'''
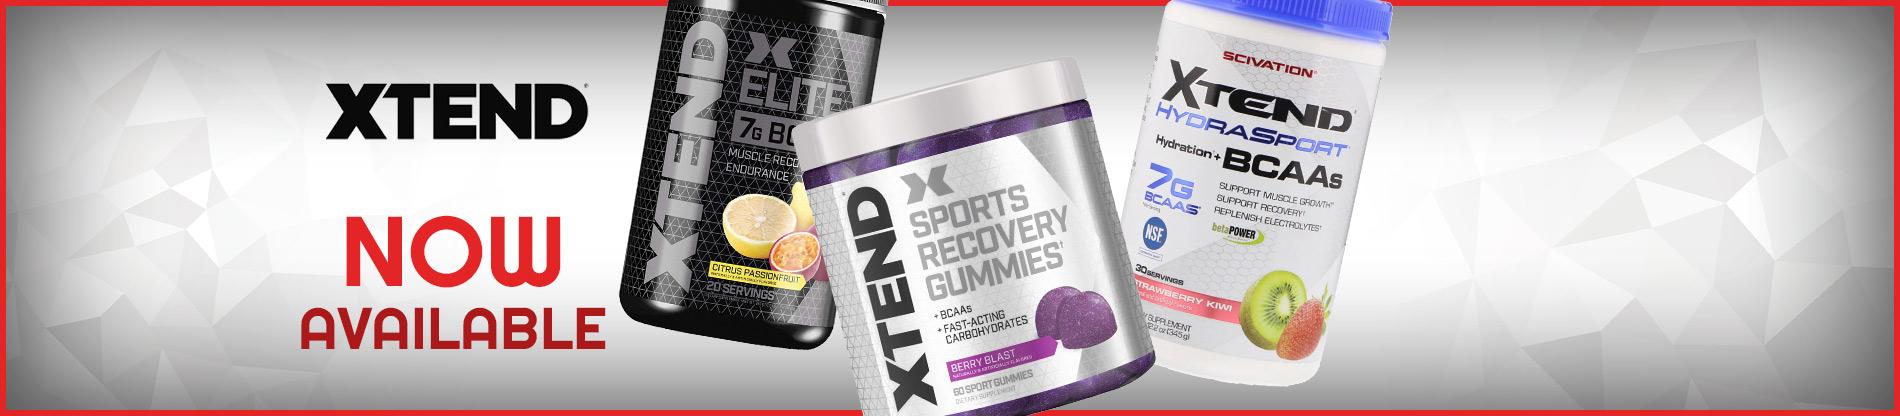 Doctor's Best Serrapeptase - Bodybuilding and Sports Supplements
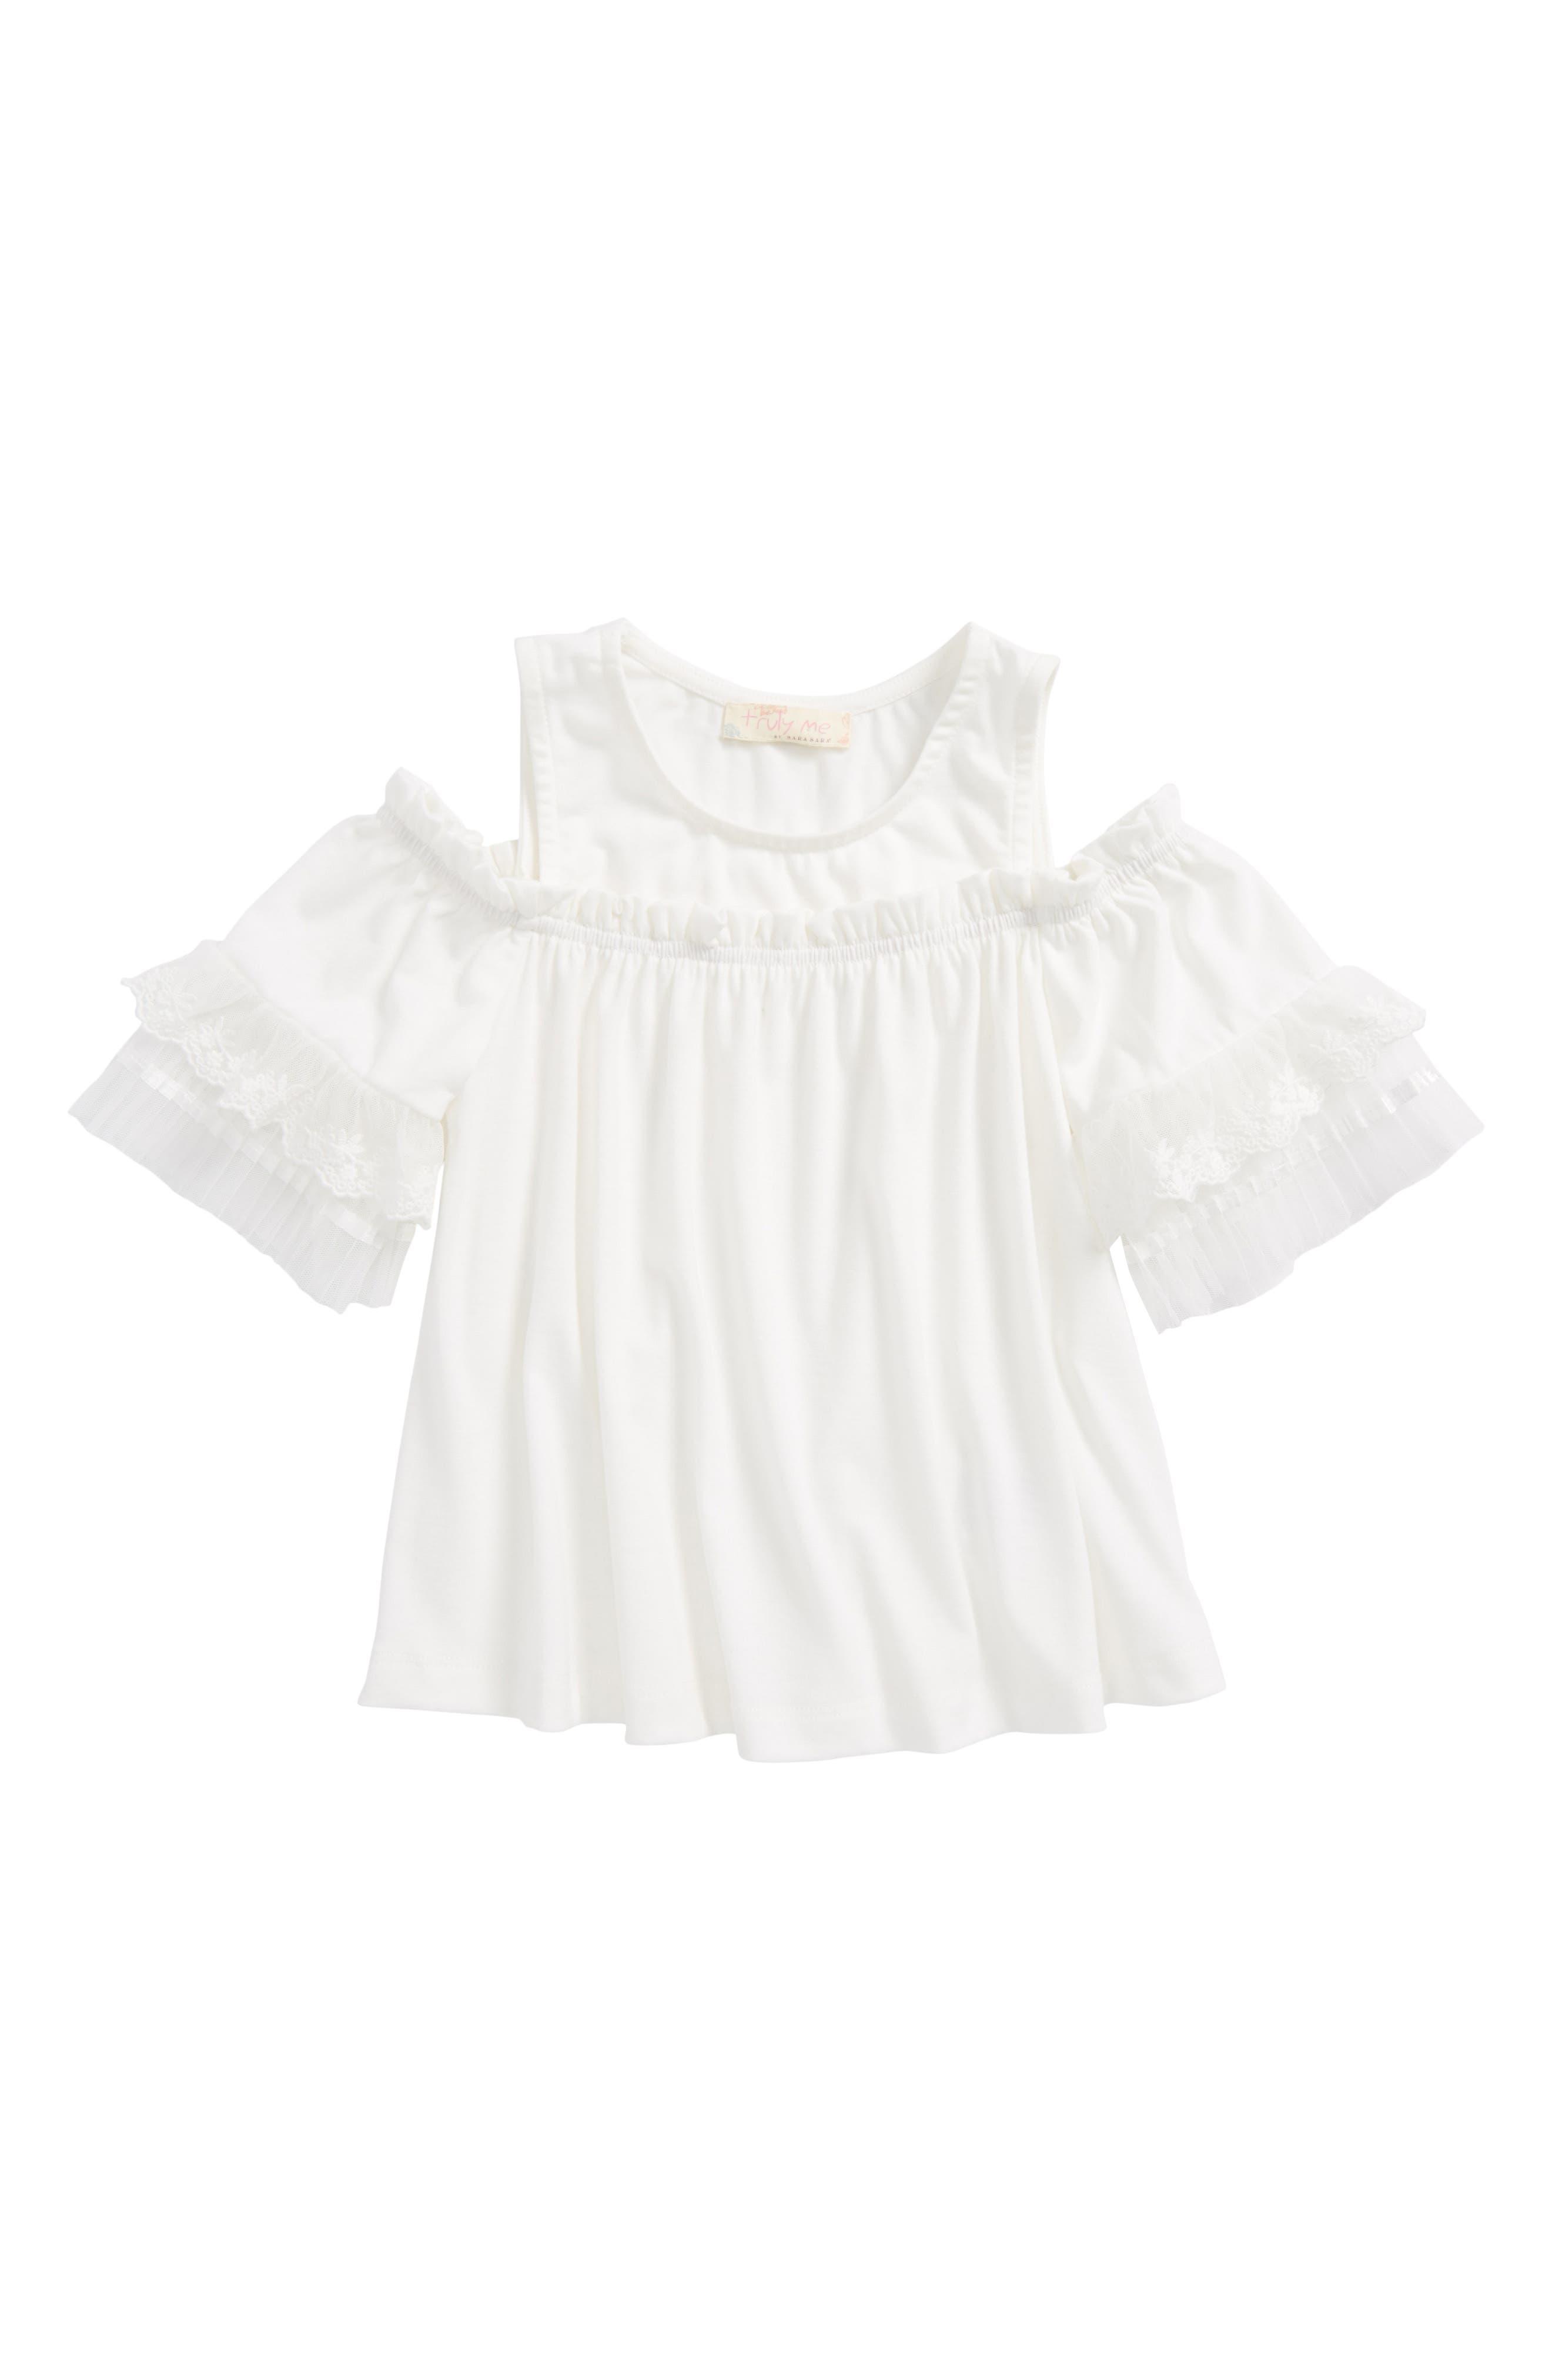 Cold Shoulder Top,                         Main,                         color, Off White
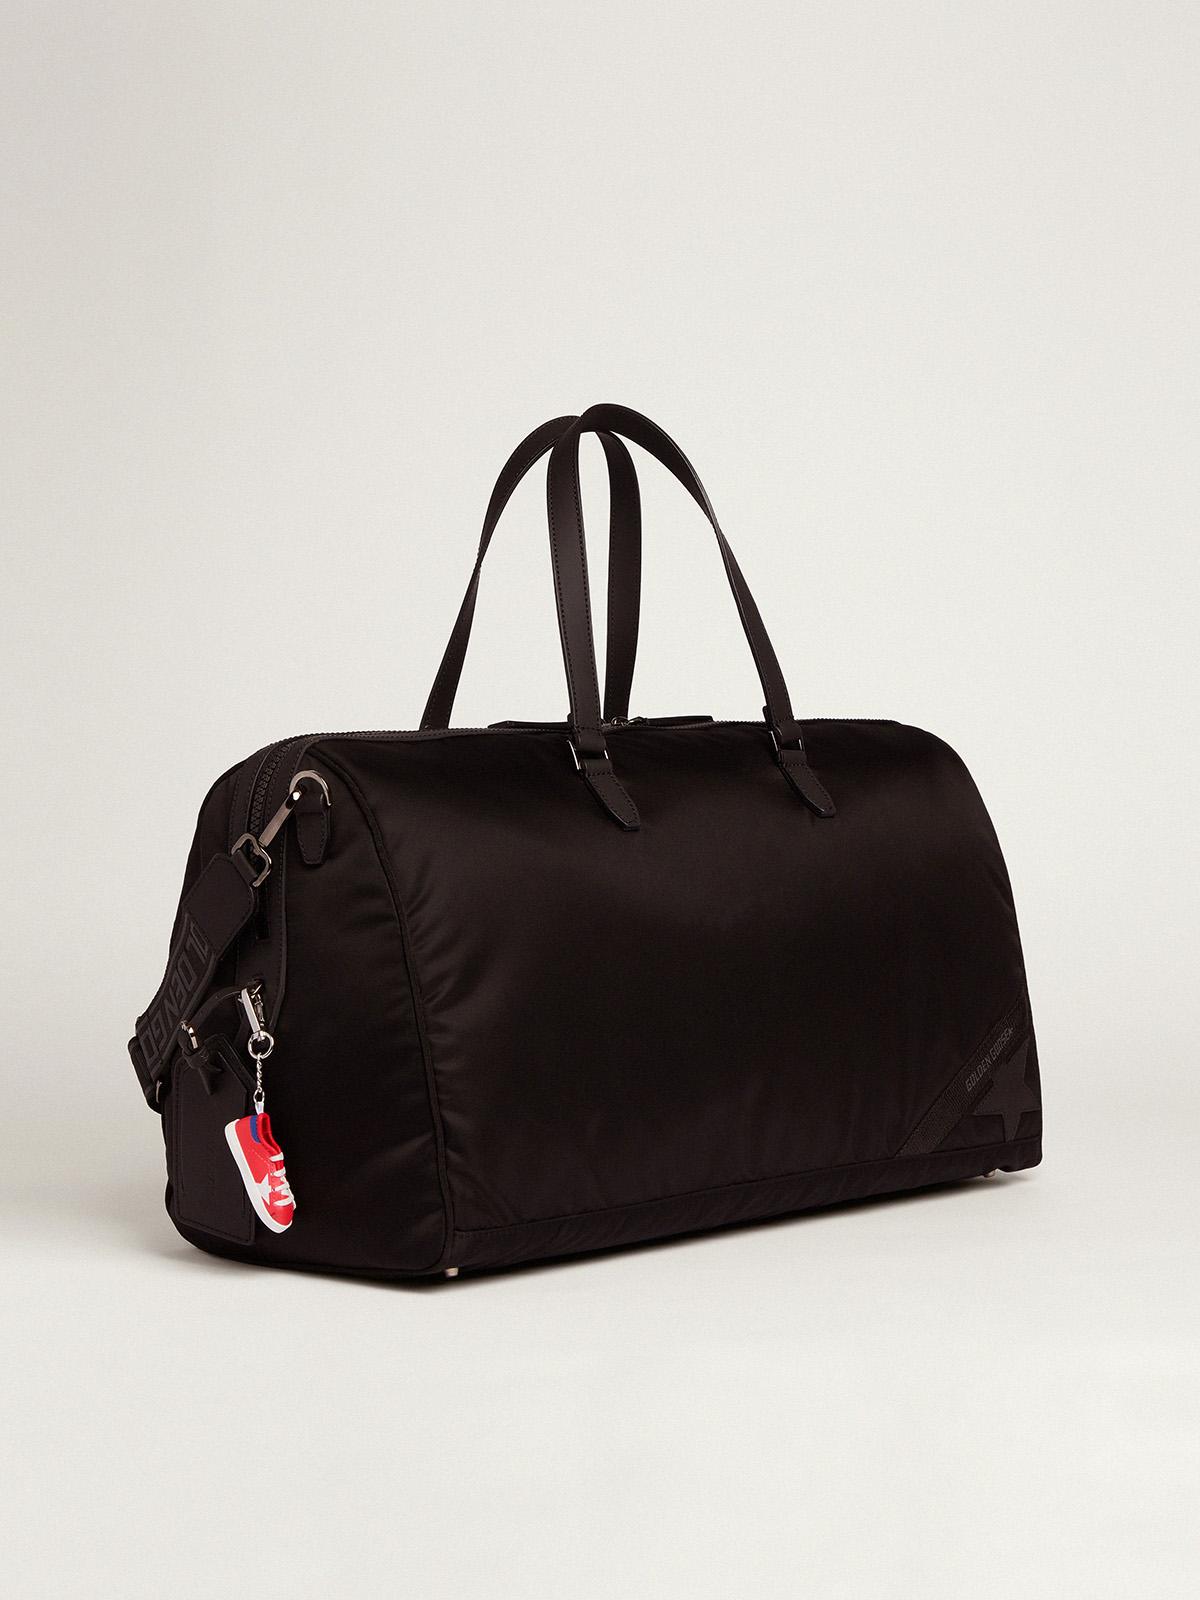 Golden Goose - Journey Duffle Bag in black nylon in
'''
Task item:
Take the lines from the one that contains "color, Off White" through the last line of the material above and reproduce them exactly, leaving out any pictures.

Expected answer:
 Cold Shoulder Top,                         Main,                         color, Off White
 Golden Goose - Journey Duffle Bag in black nylon in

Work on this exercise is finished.